Brasil, 2005: Agentes da Polícia Federal em São Paulo detiveram o assessor parlamentar José Adalberto Vieira da Silva, no aeroporto de Congonhas, com R$ 200 mil em uma valise e US$ 100 mil presos ao corpo, na cueca. Adalberto trabalhava para o deputado estadual cearense José Nobre Guimarães, atual líder do governo na Câmara. O Ministério Público afirmou, na época, que os dólares eram propina que Guimarães receberia por intermediar contratos.

Os anos passaram e só os métodos mudaram. O termo “corrupção” é derivado do latim corruptione, que significa corrompimento, deterioração, decomposição, depravação, suborno, enfim, expressa conduta que rompe com o código moral ou social vigente numa sociedade, em determinada época, e representa problema relacionado ao desvio ético da conduta de um indivíduo.

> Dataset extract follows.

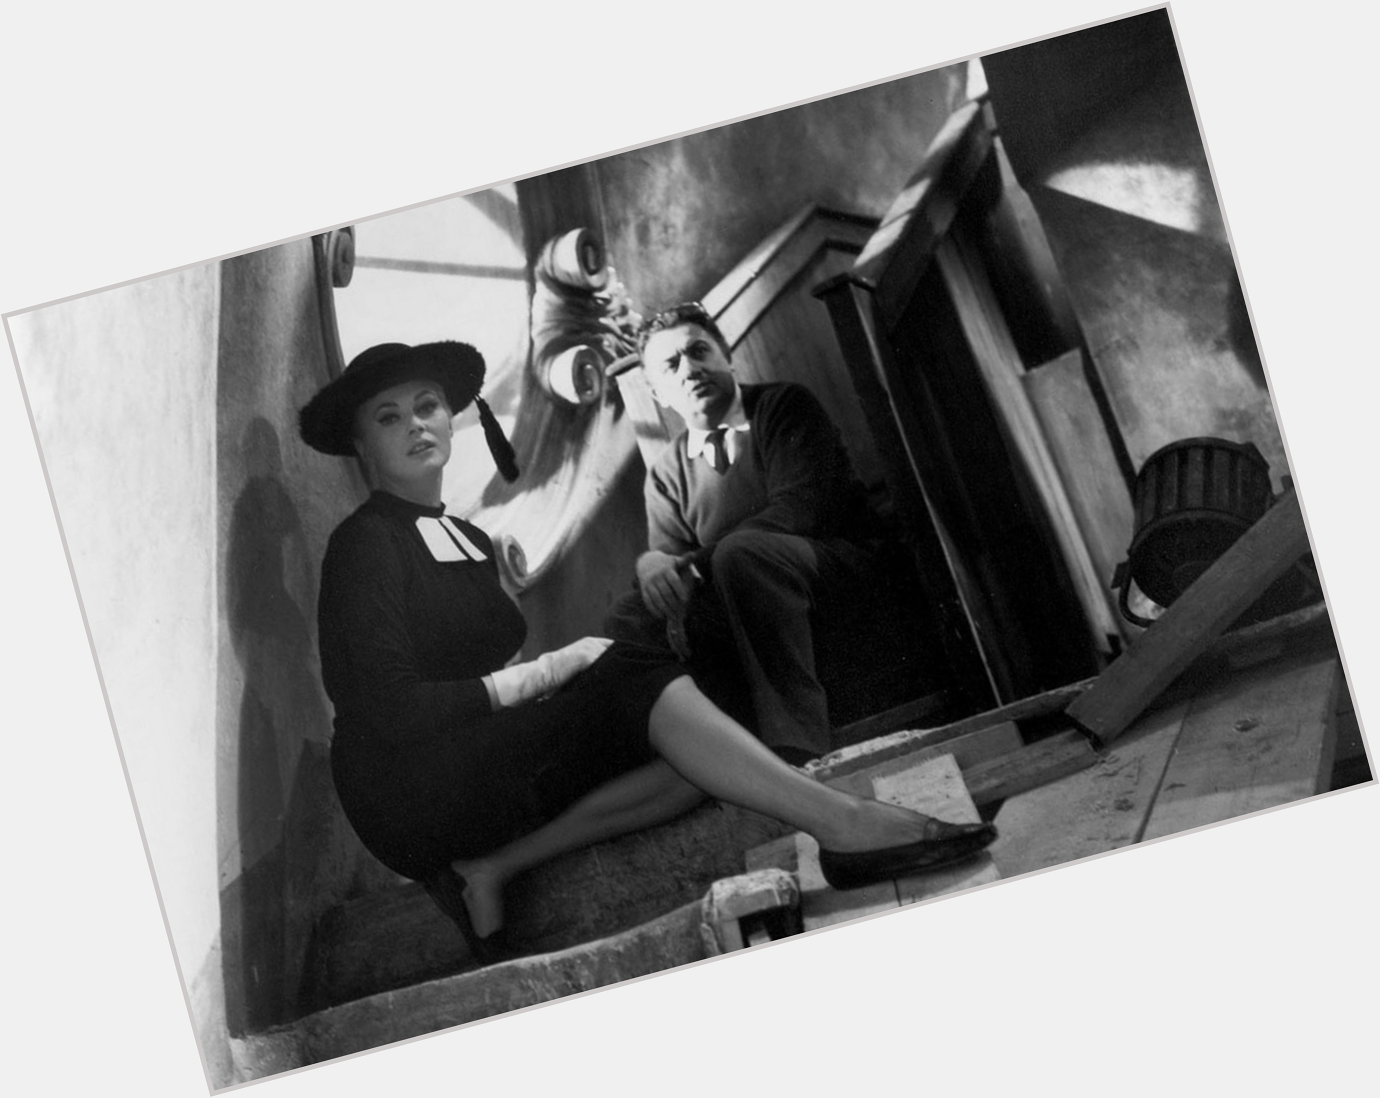 And happy birthday to Anita Ekberg!

Here with Fellini on La Dolce Vita...

A corrupção é histórica e estrutural, mas não é exclusiva do governo, deriva de distorção dos padrões éticos na sociedade. Dessa forma, pode ser compreendida levando-se em consideração aspectos morais que estão pressupostos na prática social ordinária. É fundamental considerar os aspectos normativos envolvidos no tema da corrupção e o modo como a construção de sua significação social depende de valores que circulam no plano da sociedade […]. Por esse postulado, a corrupção deve ser analisada em uma dimensão sistêmica que considere, de um lado, a existência de valores e normas que tenham uma conformação moral e, de outro lado, a prática social realizada no âmbito do cotidiano das sociedades [1].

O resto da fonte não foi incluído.